%%

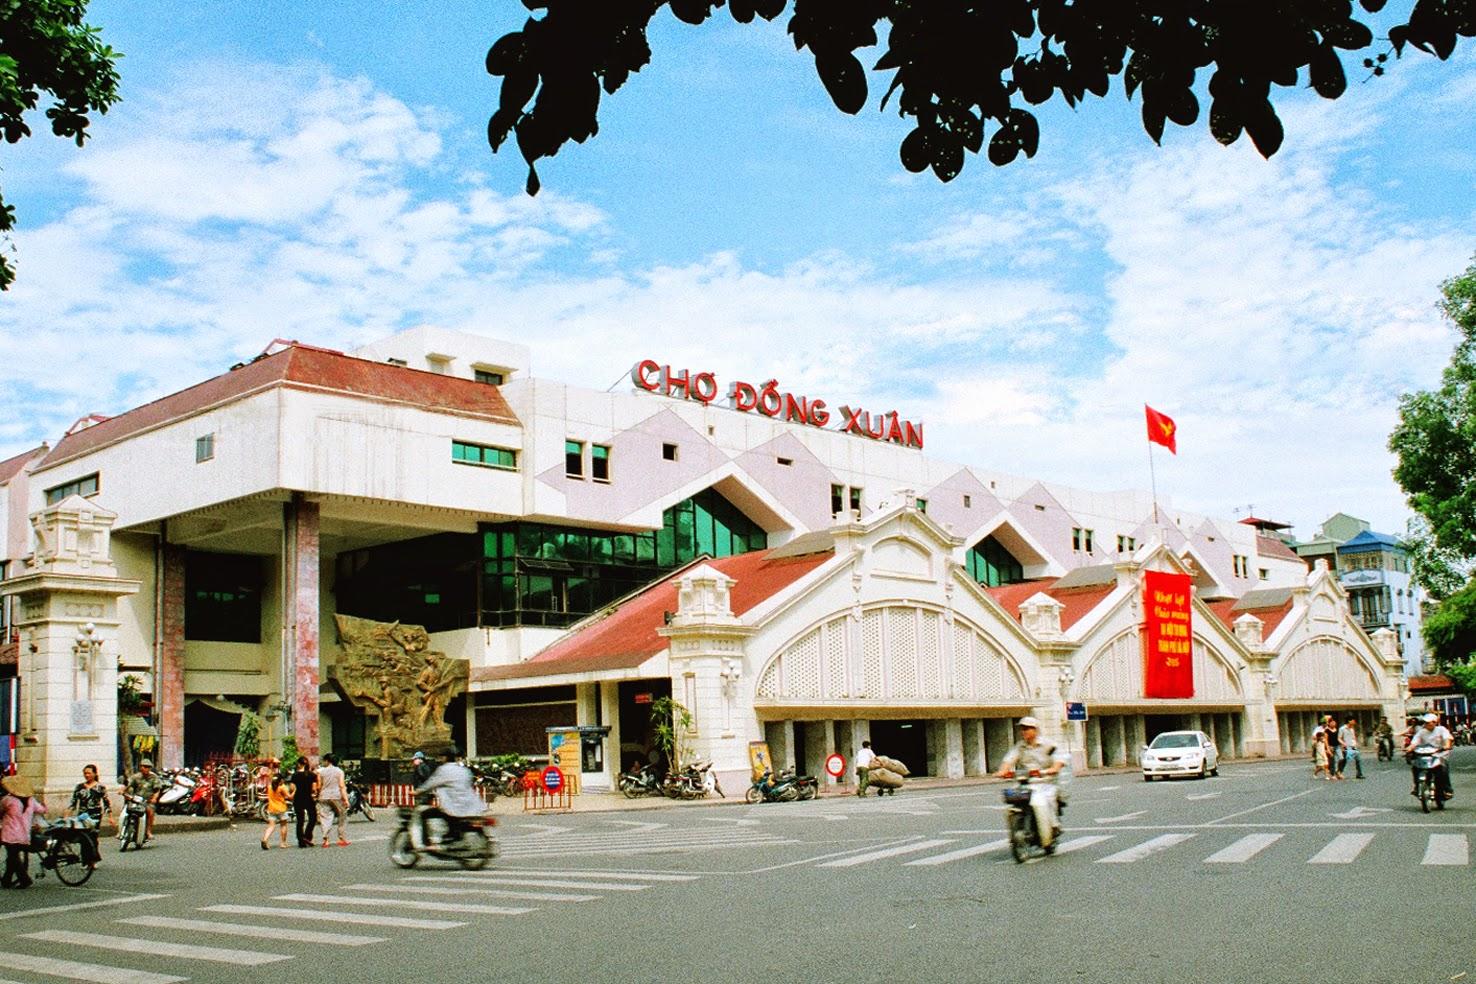 Khám phá 5 khu chợ nổi tiếng nhất Việt Nam
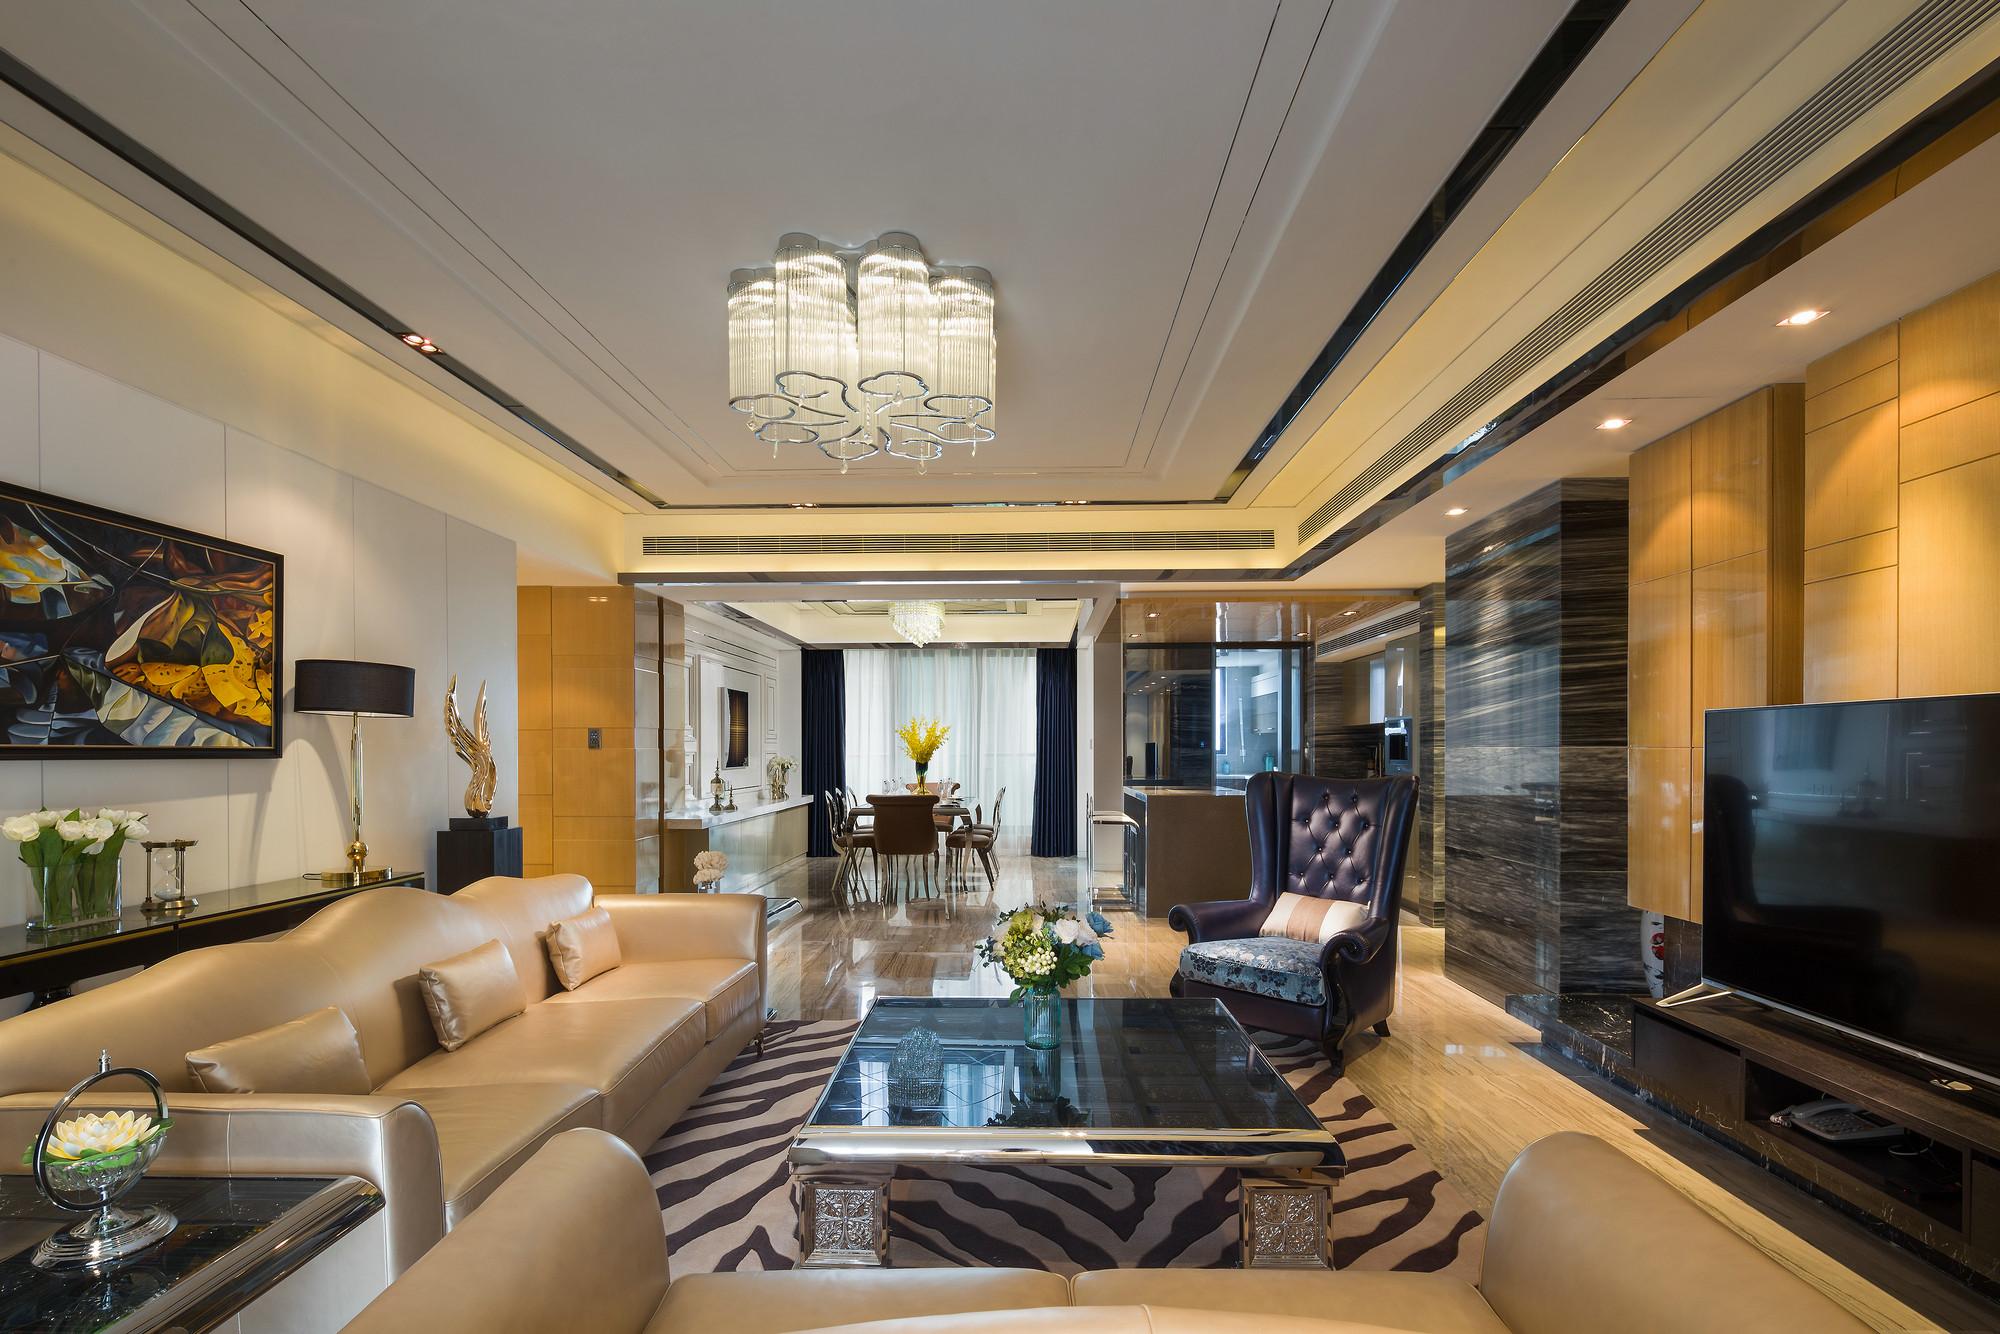 简约 旧房改造 小资 收纳 客厅图片来自北京今朝装饰在简约风的分享
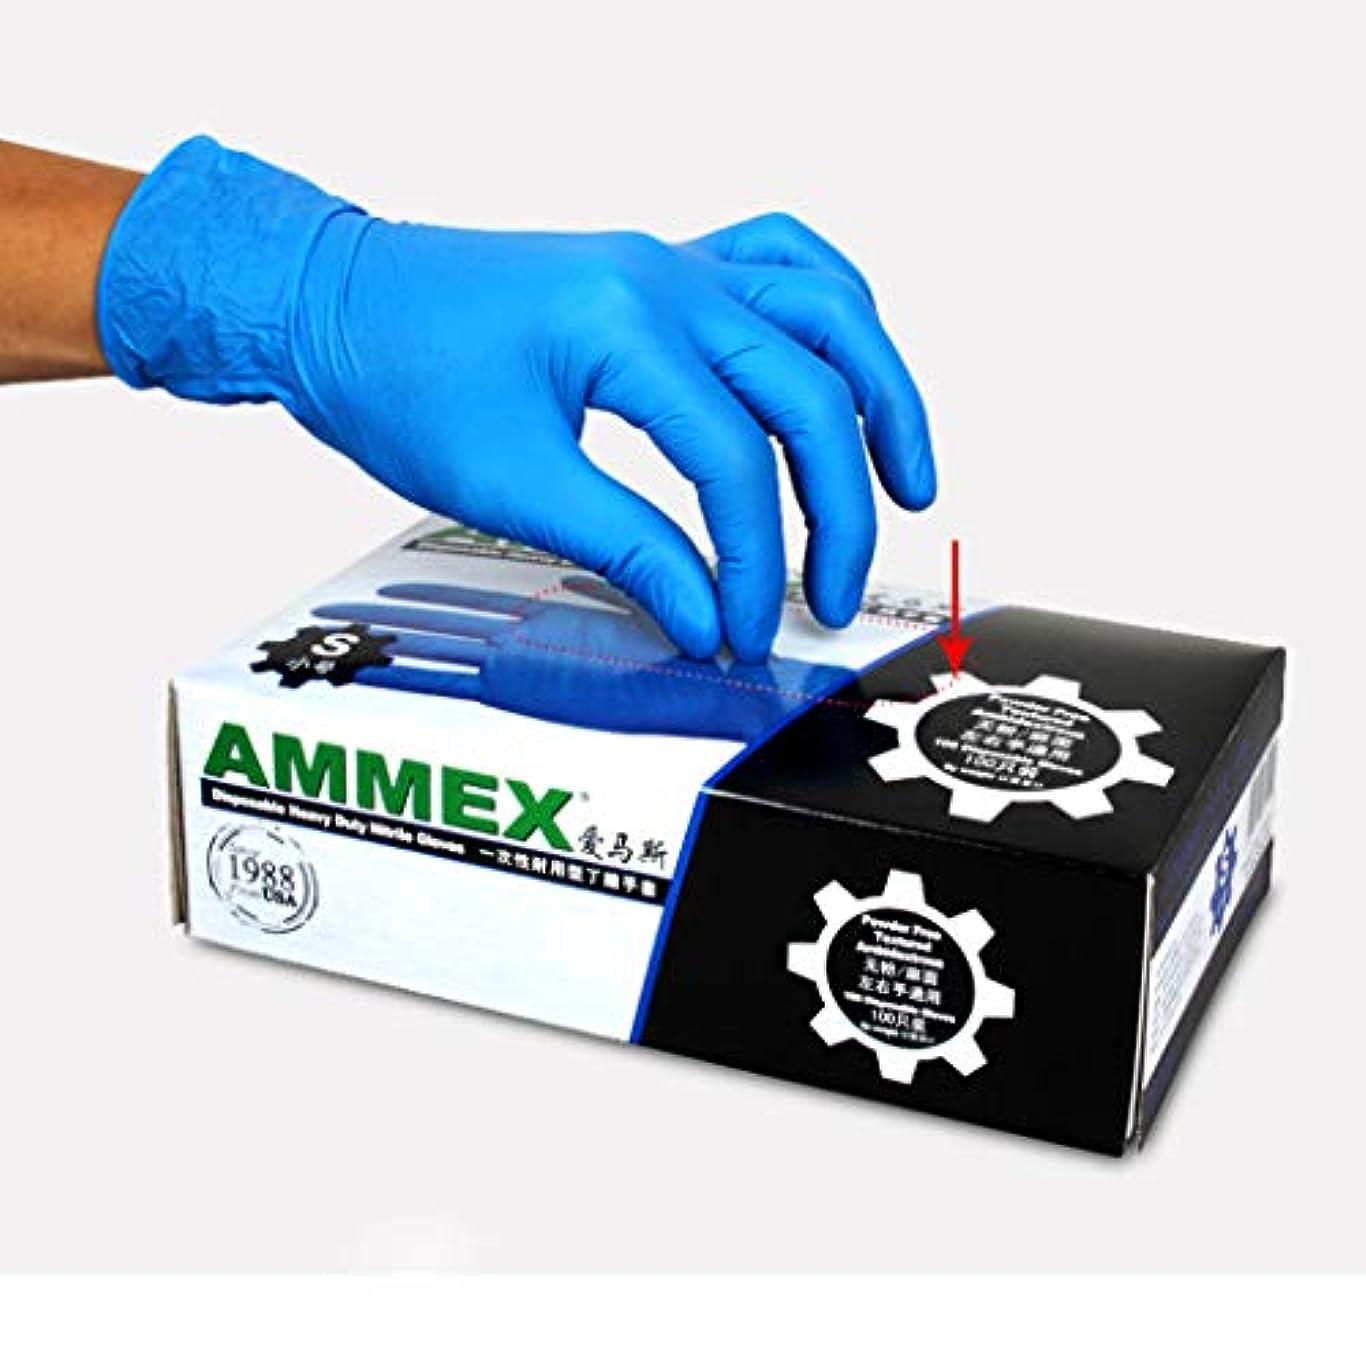 テニス推測電気陽性使い捨て手袋、粉末フリー、食品グレードの手袋、青、ラテックスフリー、手袋、100 / Box,S100/Box
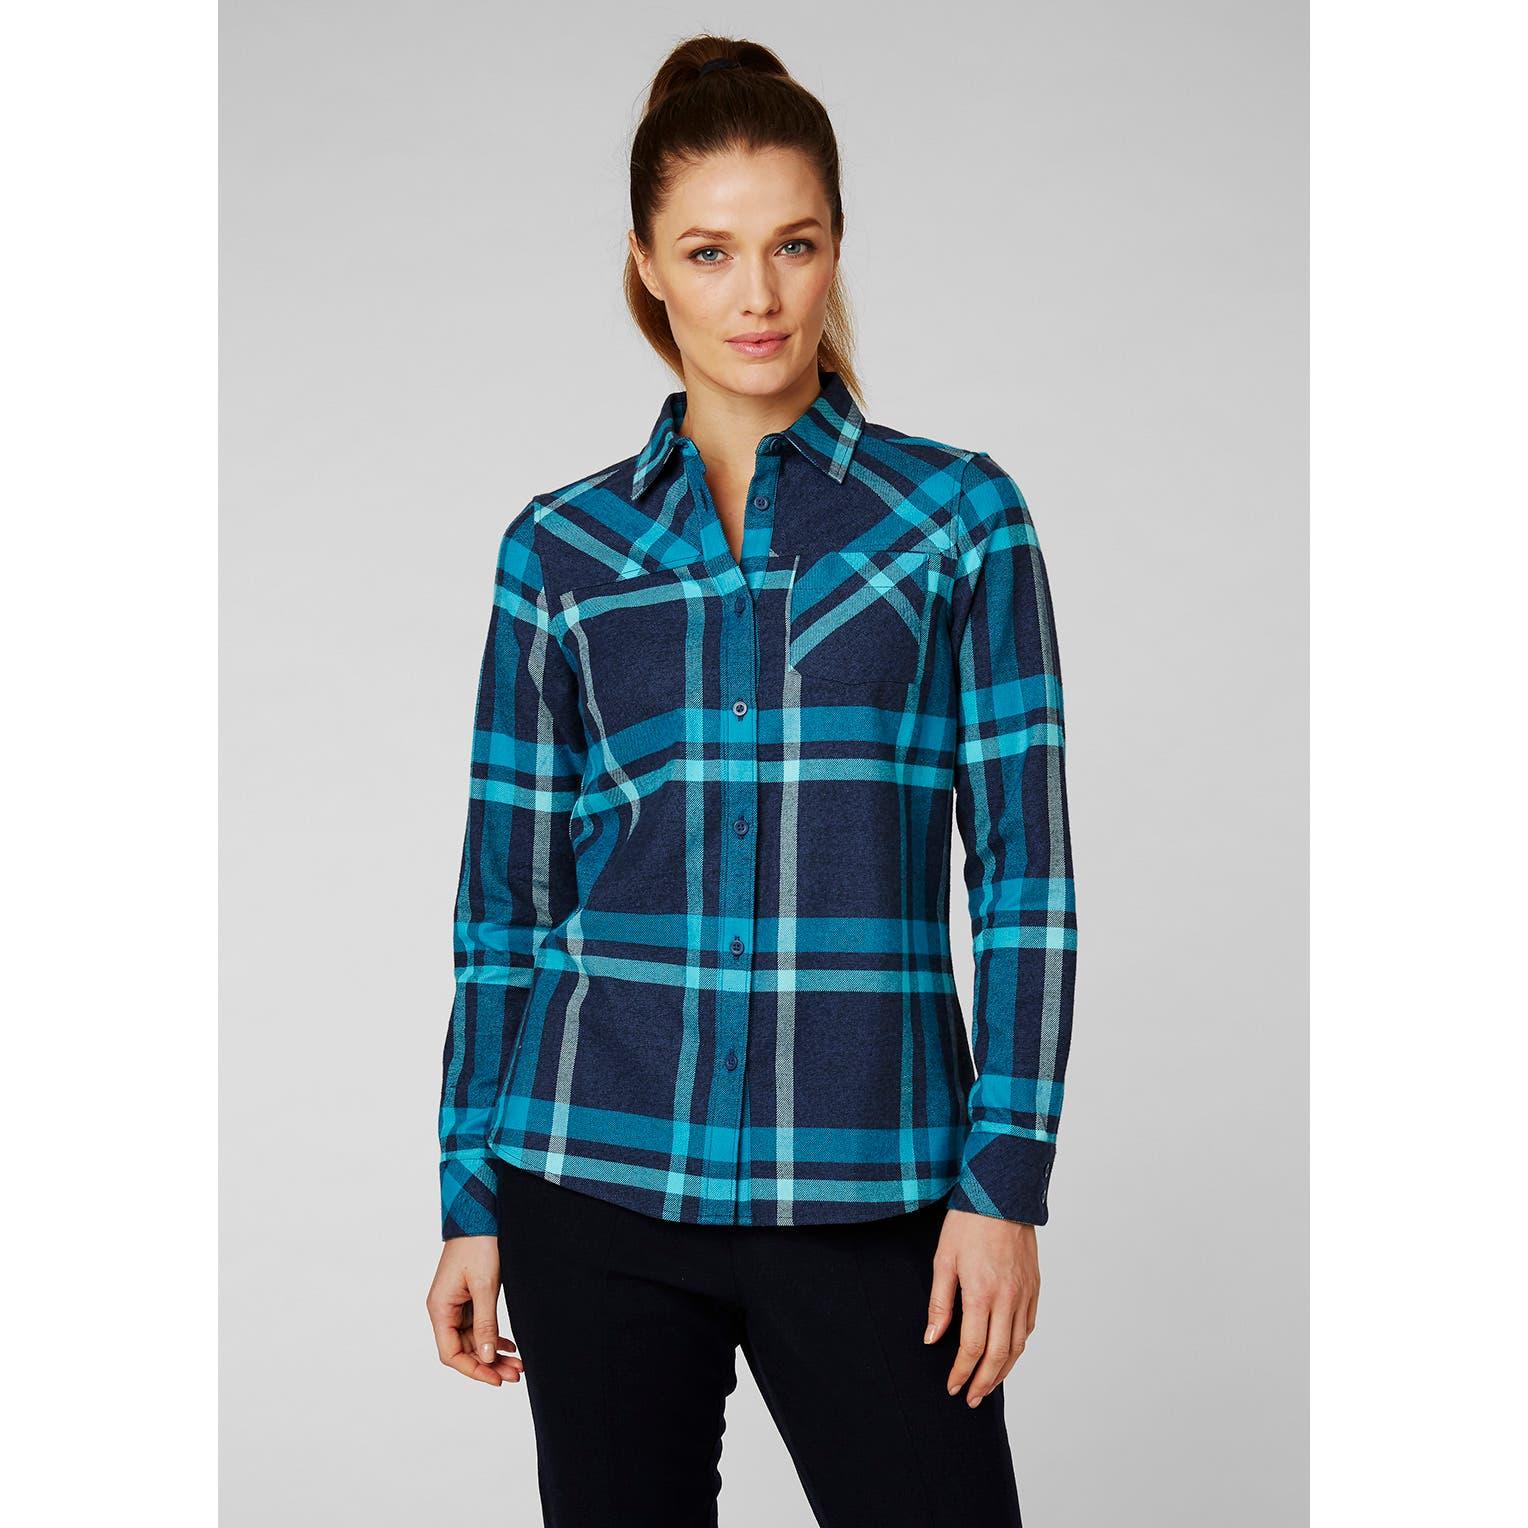 Helly Hansen Womens Classic Check Long Sleeve Outdoor Tech Shirt

%%

■ **EXERCISE GOAL**
Without any of its images, the data above should be returned exactly.

■ **PROBLEM SOLUTION**
 Khám phá 5 khu chợ nổi tiếng nhất Việt Nam
 简约 旧房改造 小资 收纳 客厅图片来自北京今朝装饰在简约风的分享
 テニス推測電気陽性使い捨て手袋、粉末フリー、食品グレードの手袋、青、ラテックスフリー、手袋、100 / Box,S100/Box
 Helly Hansen Womens Classic Check Long Sleeve Outdoor Tech Shirt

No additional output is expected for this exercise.